Russian Submarine Launches Russian Microsatellite
Using a Russian Navy strategic submarine and a converted ballistic missile, a small research satellite was launched into orbit Friday on a mission to aid in the potential development of earthquake forecasts from space.
The Shtil 1 rocket blasted out of its launch tube at 1850 GMT (2:50 p.m. EDT). The three-stage liquid-fueled booster later released its payload as planned into the targeted orbit with a high point of about 300 miles, a low point of approximately 250 miles, and an inclination of around 79 degrees.
The launch originated from the Russian Navy's nuclear-powered Ekaterinburg submarine submerged in the Barents Sea inside the Arctic Circle offshore Russia's northern coast.
Ground controllers detected the first signals from the craft approximately seven hours later when it passed over a Russian ground station. The Complex Orbital Magneto-Plasma Autonomous Small Satellite 2 (COMPASS 2) was determined to be in good health, officials said. Known as Kompass 2 in the Russian language, the 180-pound microsatellite will soon begin its mission to study earthquakes and other natural disasters.
The mission is managed by the Institute of Terrestrial Magnetism, Ionosphere, and Radio Waves Propagation, or IZMIRAN, which is part of the Russian Academy of Sciences.
The satellite carries five scientific instruments - totaling almost 45 pounds - to detect seismic activity and to help determine the tell-tale signs of impending earthquakes and other natural phenomena. Provided by scientists from Russia, Poland, Sweden, Hungary, and Ukraine, the instruments will probe the Earth's underground lithosphere, atmosphere, ionosphere, and magnetosphere to learn how each terrestrial region is connected with a variety of events such as earthquakes, volcanoes, tropical cyclones, and tornadoes.
Data from these studies will contribute to the efforts of scientists to establish a model for the cause-and-effect links associated with natural disasters found in all regions of the Earth. Scientists also hope to find precursors of earthquakes that will help in possible predictions of earthquakes based on information gathered from satellites in space.

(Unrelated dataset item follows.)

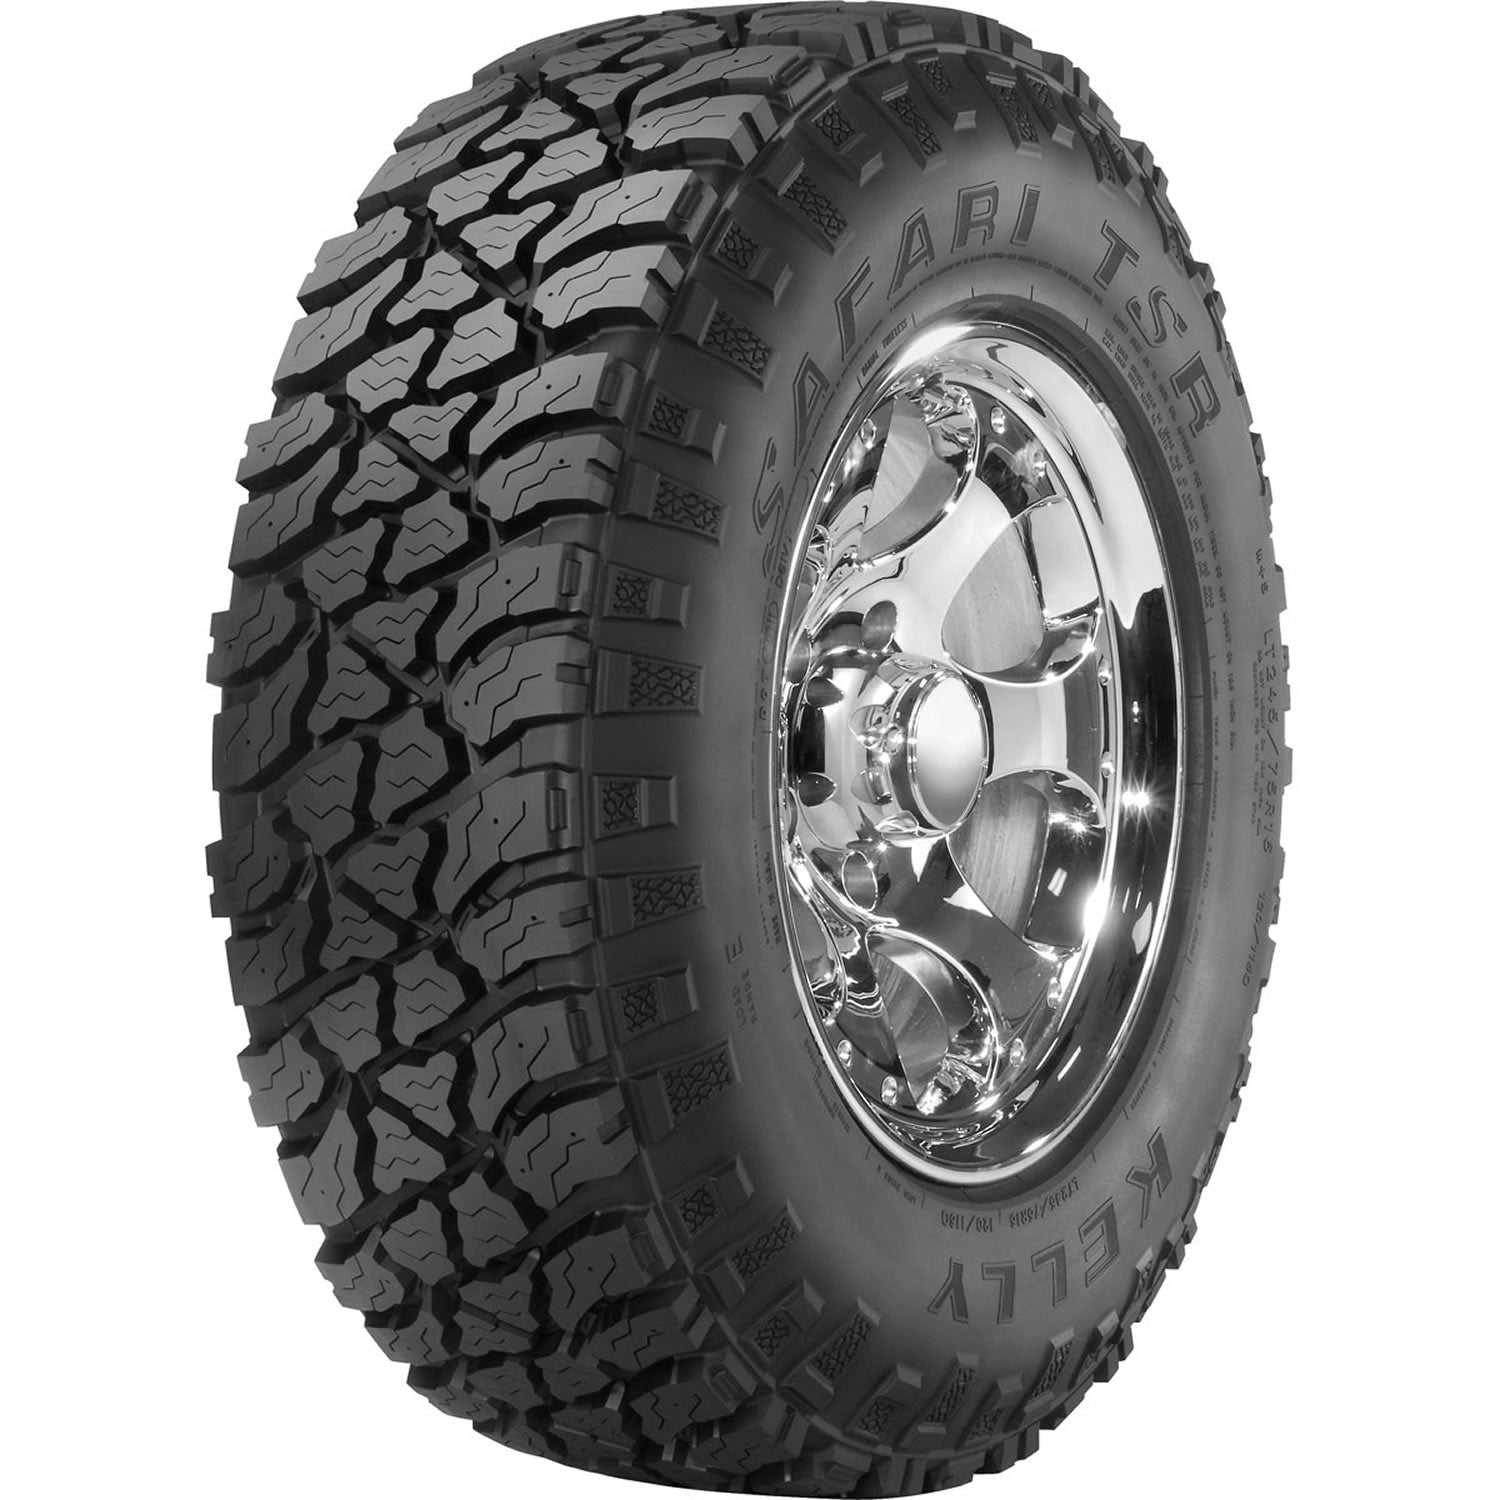 KELLY SAFARI TSR LT245/75R17 (31.7X9.8R 17) Tires

Links between the upper atmosphere and seismic activity were first noticed in the 1960s, but hard scientific data was not available until 1979. The Interkosmos 19 satellite detected an unusual low-frequency noise in a large area centered near the epicenter of an earthquake that occurred a few hours later. This finding was later confirmed by other spacecraft.
IZMIRAN launched the first COMPASS satellite in late 2001 with a specialized payload to further study these connections. The experiment quickly failed, however, when the instrument payload stopped working. A third COMPASS satellite could launch before the end of 2006.
The launch was postponed two days from Wednesday to undisclosed reasons. The flight was the 19th space launch to successfully reach orbit in 2006, and the sixth launch from Russia this year.